Goal of the exercise:
Exact copies of the lines below are the goal; any images in them are dropped.

Dataset section:
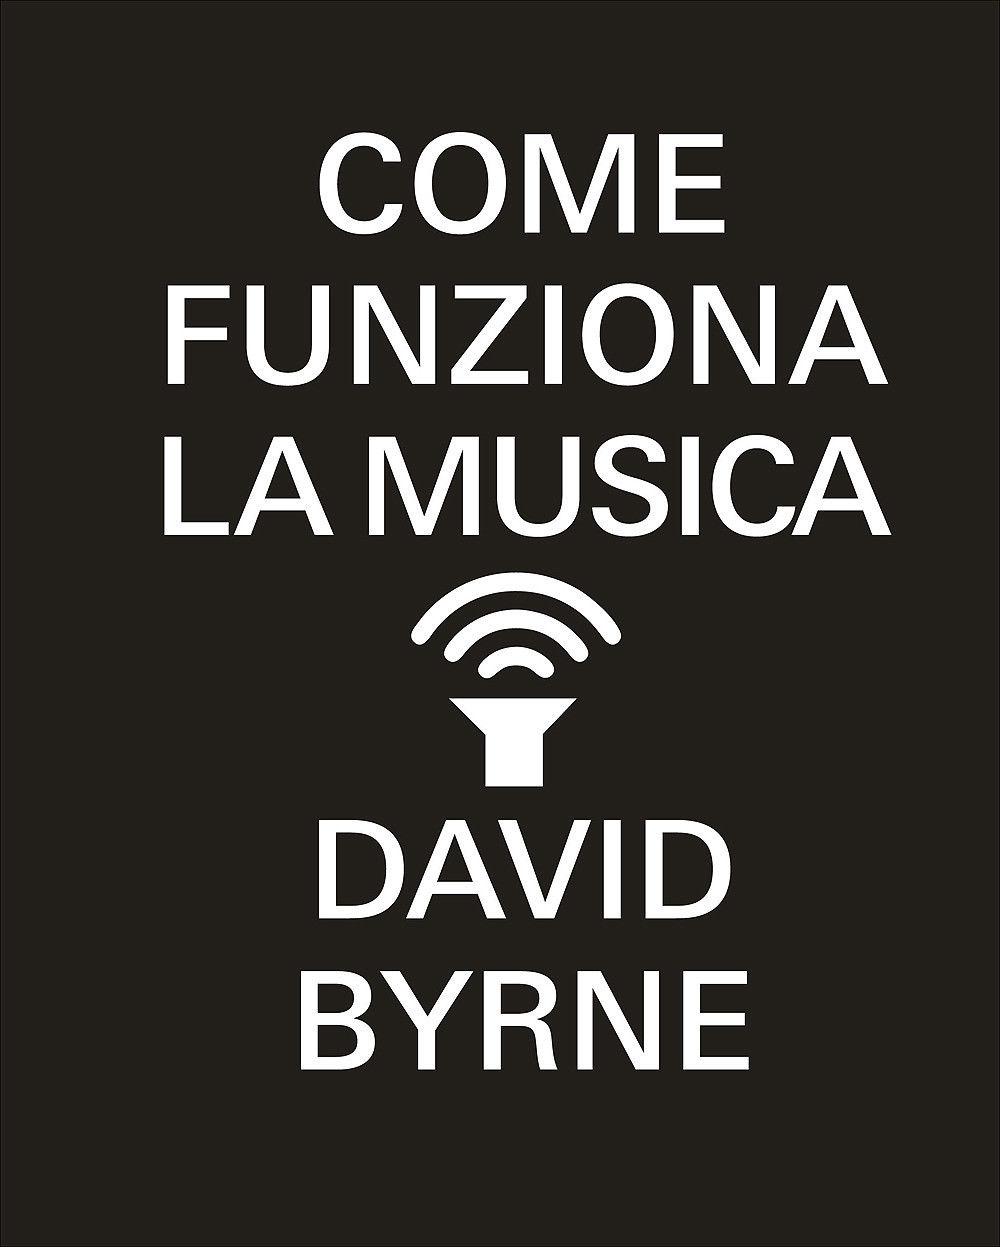 Come-funziona-la-musica-Byrne-David
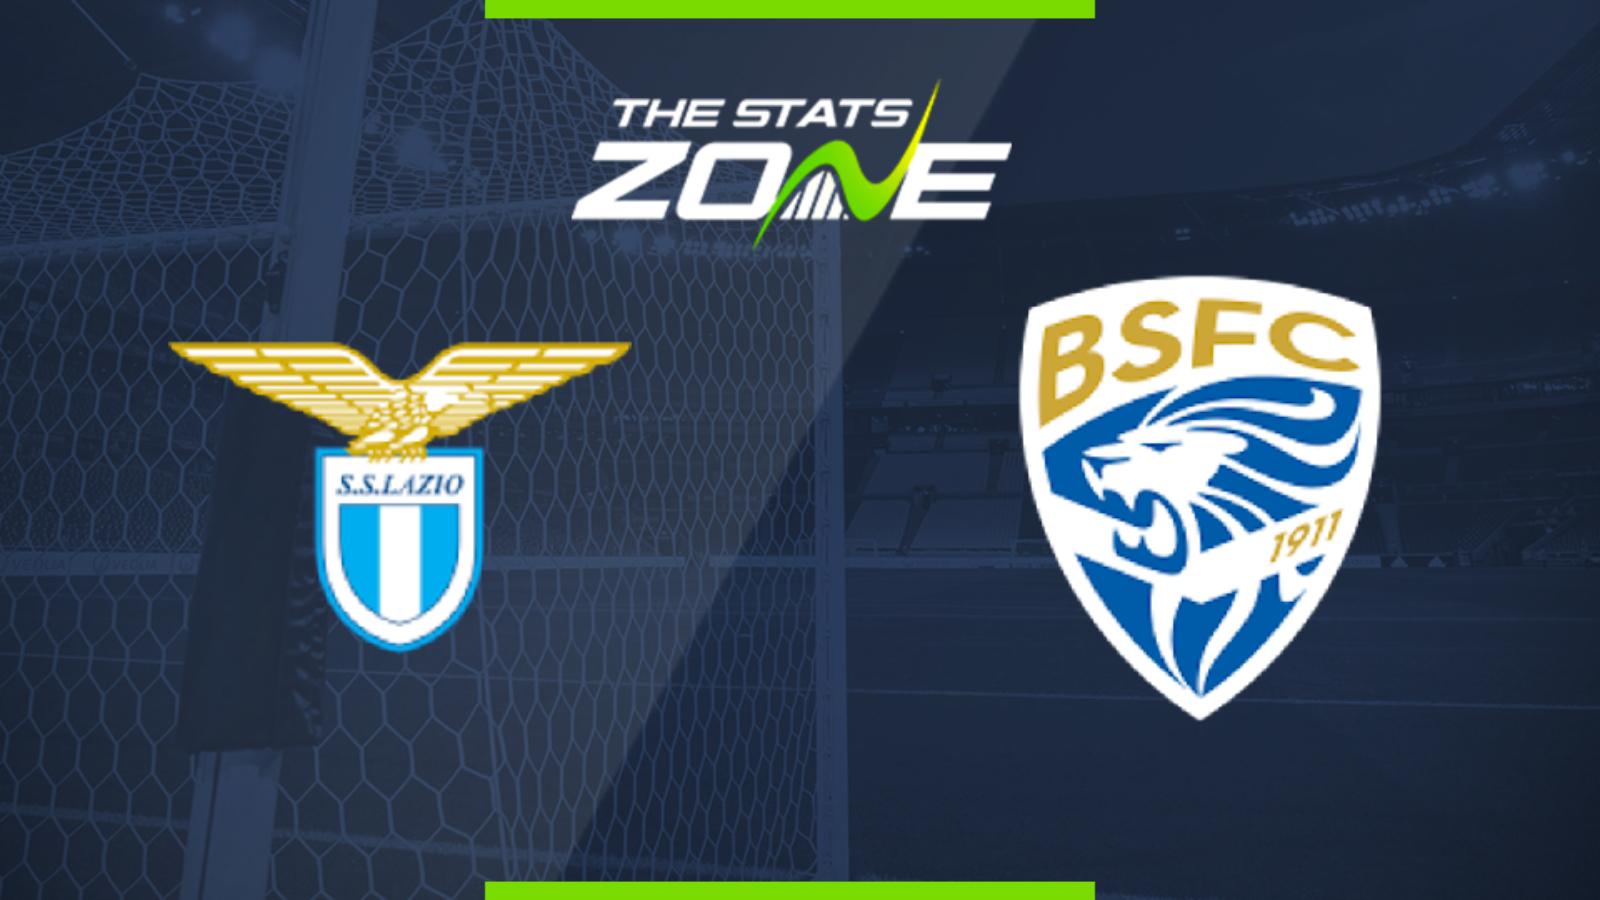 【足球直播】意甲第37輪:2020.07.30 01:30-拉素 VS 布雷西亞(S.S. Lazio VS Brescia)
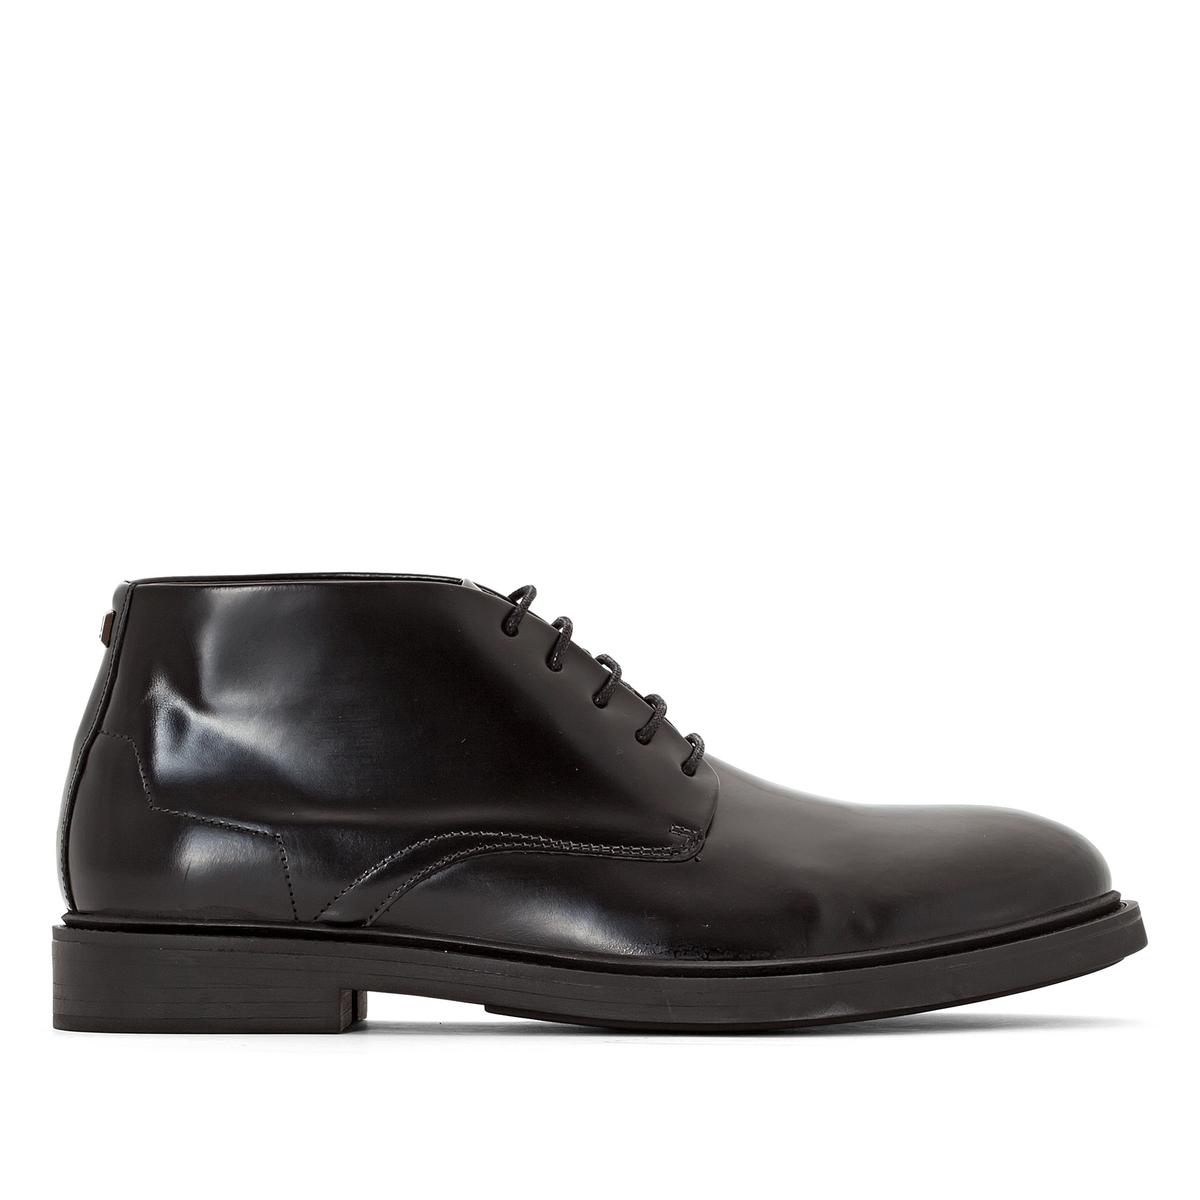 Ботильоны ALIOUПодкладка : Кожа и текстиль Стелька : текстиль.   Подошва : из эластомера.   Форма каблука : Плоский каблук   Носок : Закругленный.    Застежка : шнуровка.<br><br>Цвет: черный<br>Размер: 41

Output below:
 Come-funziona-la-musica-Byrne-David
 【足球直播】意甲第37輪:2020.07.30 01:30-拉素 VS 布雷西亞(S.S. Lazio VS Brescia)
 Ботильоны ALIOUПодкладка : Кожа и текстиль Стелька : текстиль.   Подошва : из эластомера.   Форма каблука : Плоский каблук   Носок : Закругленный.    Застежка : шнуровка.<br><br>Цвет: черный<br>Размер: 41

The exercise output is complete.